To overcome these issues, I’m in the process of transitioning the assistant to a Retrieval-Augmented Generation (RAG) setup. The new approach includes:

 

 

🧱 Core Components:

 

  • LangChain: For chaining document loaders, embeddings, and LLMs
  • FAISS: Lightweight in-browser vector DB to store document chunks
  • OpenAI API (gpt-3.5-turbo): As the core reasoning engine
  • Resume + Text files: Real source data for grounded answers

 

 

🔍 What RAG will enable:

FeatureDescription

📄 Document-grounded Q&A Answers based on actual PDF/MD/TXT files
💡 Dynamic context No need to stuff everything into one prompt
🛠️ Easily updatable Just drop in new documents
🤖 Smarter responses Better factuality and follow-up ability

 


 

⚖️ Comparison Table: Current vs Planned

FeatureGemini ChatbotLangChain RAG Assistant

Document awareness ❌ None ✅ Reads actual files
Prompt structure 🔒 Static only 🔄 Dynamic retrieval
Model Gemini OpenAI (gpt-3.5-turbo)
Accuracy 🎯 Medium 🎯🎯 High (fact-grounded)
Maintainability 🔧 Manual edits required 🔧 Drop-in file updates
Extendability ❌ Not modular ✅ Easily extendable

 


 

🛤️ My Refactor Roadmap

 

Here’s a rough outline of my planned steps:

 

  1. Prototype the LangChain RAG pipeline using local files
  2. 🔄 Replace Gemini API backend with a /api/chat route powered by OpenAI
  3. 🧪 Test multi-document parsing (Resume.pdf, About_Project.txt, Roadmap.md)
  4. 🎛️ Add toggles to switch between Gemini and RAG modes (for testing)
  5. 🧼 Refactor UI if needed to improve responsiveness and loading behavior
  6. 📜 Write updated documentation for API, prompt structure, and usage
  7. 📝 Publish a follow-up blog with the full code and reflection

 


 

📝 Why This Matters

 

This upgrade isn’t just about showing off AI integration—it’s about giving my visitors (and potential employers) a real-time, accurate, and personalized experience when learning about my skills and projects.

 

By grounding answers in actual files, I remove fluff and show what I’ve truly done.

 


 

🚧 In Progress — Stay Tuned

 

This project is still in progress, and I’ll be documenting each milestone as I go.

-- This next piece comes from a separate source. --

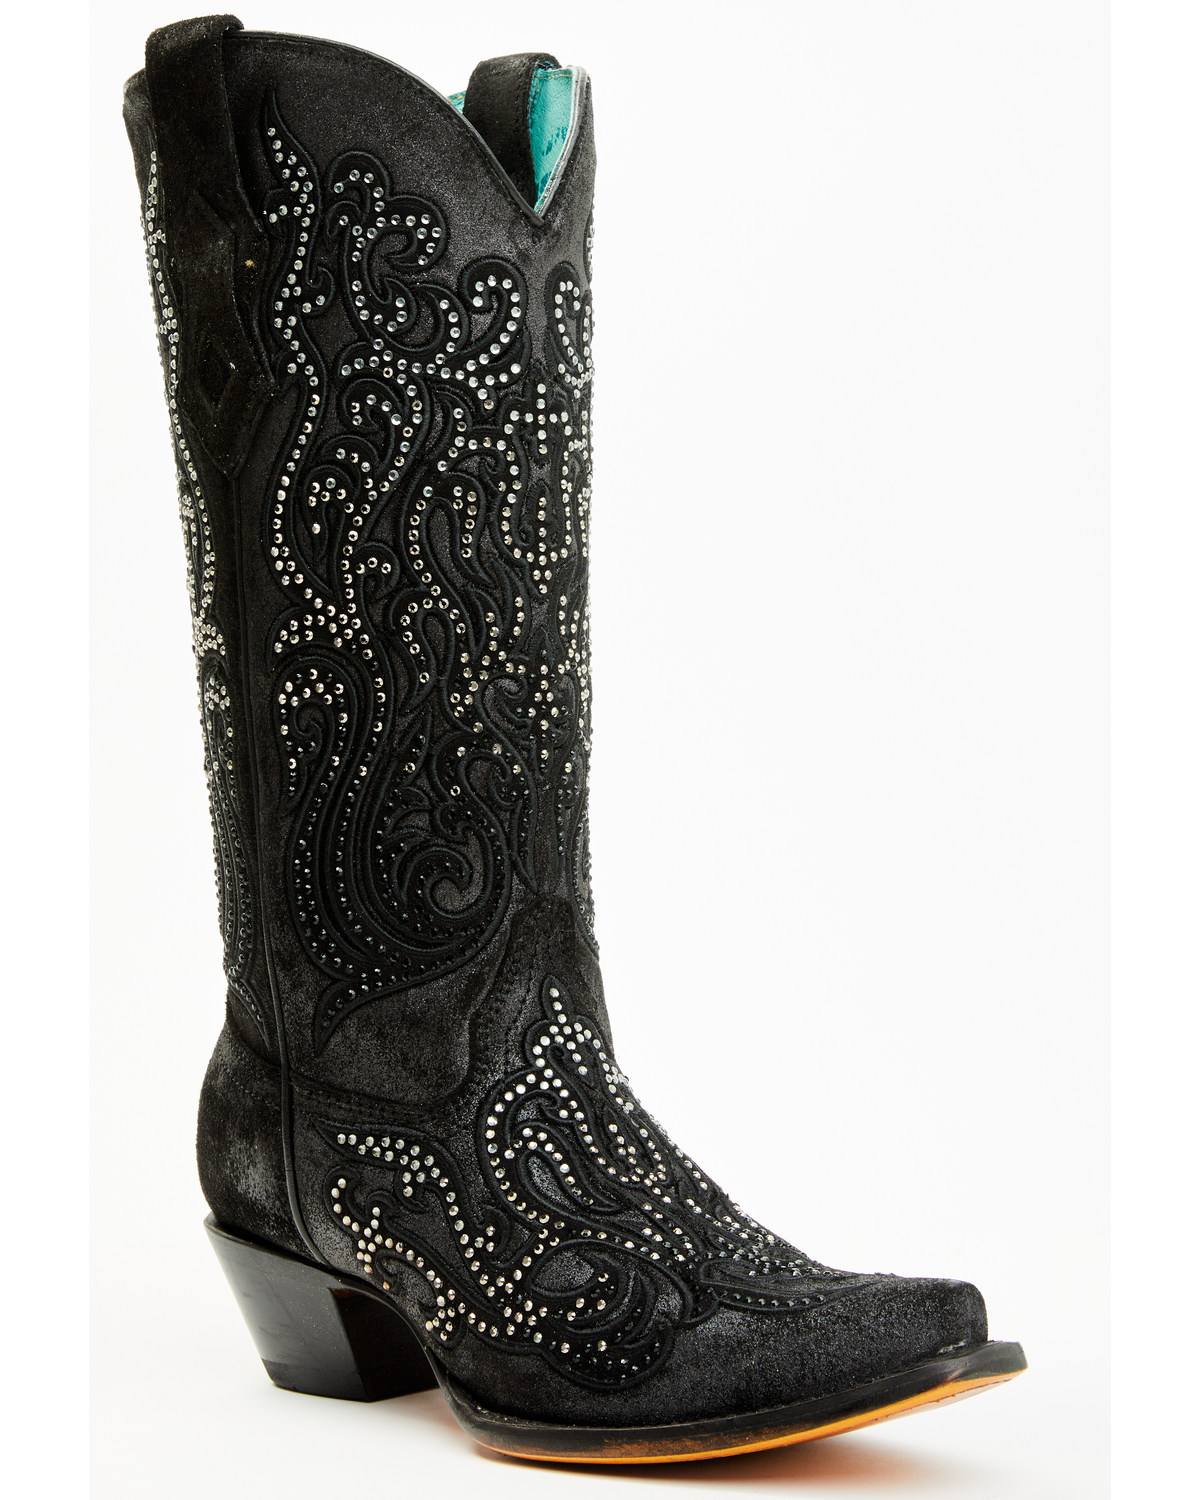 Corral Women's Crystal Embroidered Western Boots

Once the refactor is complete, I’ll update this blog with a full walkthrough, code samples, and deployment tips.

 

If you’re building an AI-enhanced portfolio too—or thinking about it—I’d love to hear how you’re approaching it!

 


 

📝 블로그 한글 요약: 포트폴리오 챗봇, 더 똑똑하게 리모델링하기

 

현재 내 포트폴리오 사이트에는 Google Gemini API를 사용하는 간단한 챗봇이 있고, 방문자가 나에 대해 질문하면 사전에 작성한 정보로 대답해줘. 하지만 이 방식은 고정된 프롬프트에 의존해서, 실제 내 이력서나 프로젝트 내용을 반영하지 못한다는 단점이 있다.

 

그래서 지금은 OpenAI API와 LangChain, FAISS를 활용한 RAG(Retrieval-Augmented Generation) 구조로 개선하는 리팩토링을 진행 중이다. 이 방식은 PDF, TXT 등 실제 문서를 읽고 벡터로 저장한 뒤, 질문에 맞춰 관련 정보를 찾아 대답하는 시스템이다.

 

 

✅ 이 리팩토링의 핵심 목표:

 

  • 실제 문서 기반 응답 제공 (이력서, 프로젝트 설명 등)
  • 더 정확하고 유연한 질문 대응
  • 쉽게 업데이트 가능한 구조
  • Gemini보다 확장성과 활용성이 뛰어남

 

 

📌 앞으로의 작업 계획:

 

  • LangChain + FAISS로 기본 구조 완성
  • 기존 Gemini API를 OpenAI로 대체
  • 멀티 문서 파싱 실험
  • 필요시 챗 UI 개선
  • 최종 블로그에 전체 코드와 후기 정리 예정

 

지금은 아직 개발 진행 중이고, 이 글은 리팩토링 과정과 개선 방향을 소개하는 첫 번째 블로그야. 추후 완성되면 후속 블로그로 정리할 계획이다!